• [Activity]:
Give back exactly the stretch of data below from the line holding "django-ich-bin-ein-entflohener-kettenstrafling\header.jpg" through the line holding "Sony KDL-40WE660, un", both ends included, and leave the remaining lines out.

• [Source material]:
..........

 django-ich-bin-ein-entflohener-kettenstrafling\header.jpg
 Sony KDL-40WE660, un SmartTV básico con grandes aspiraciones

..........

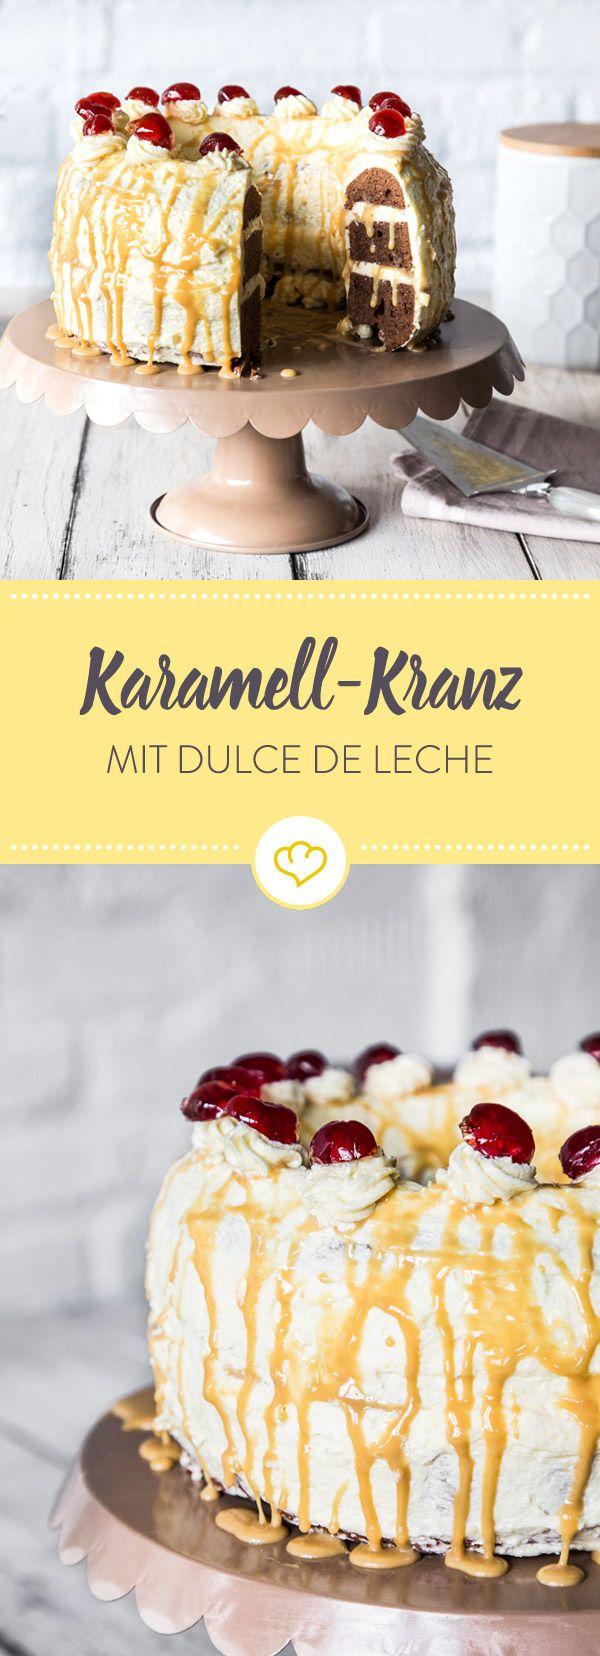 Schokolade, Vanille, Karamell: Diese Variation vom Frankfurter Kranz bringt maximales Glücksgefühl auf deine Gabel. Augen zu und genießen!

..........

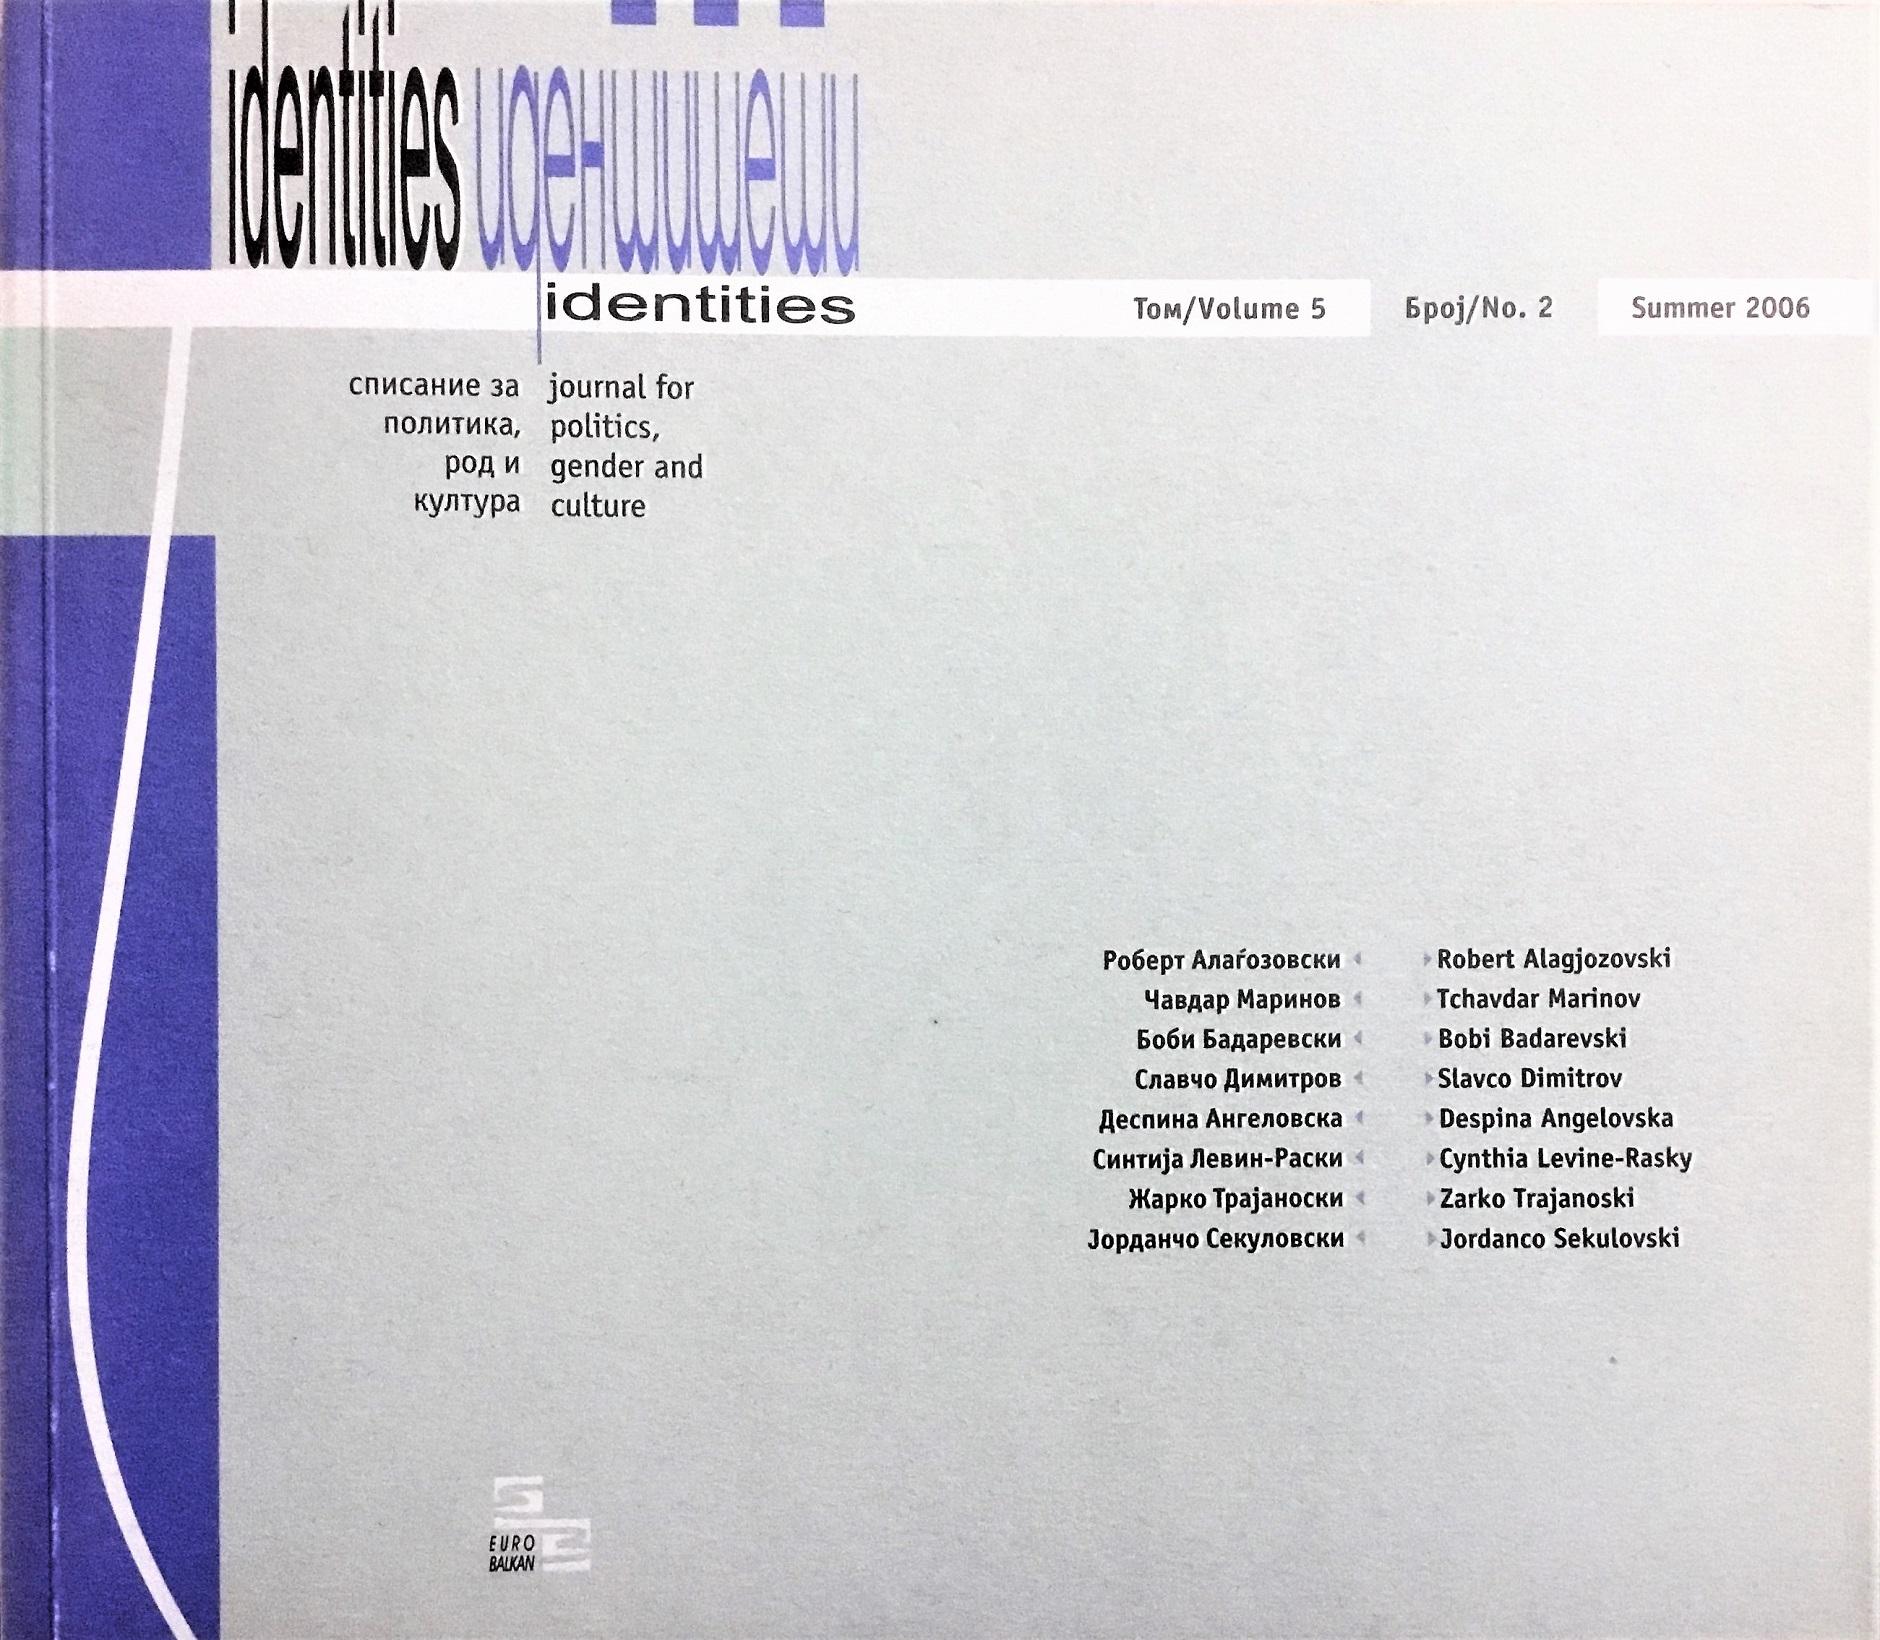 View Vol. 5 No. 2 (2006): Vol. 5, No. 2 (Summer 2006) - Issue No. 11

..........

• [Result]:
 django-ich-bin-ein-entflohener-kettenstrafling\header.jpg
 Sony KDL-40WE660, un SmartTV básico con grandes aspiraciones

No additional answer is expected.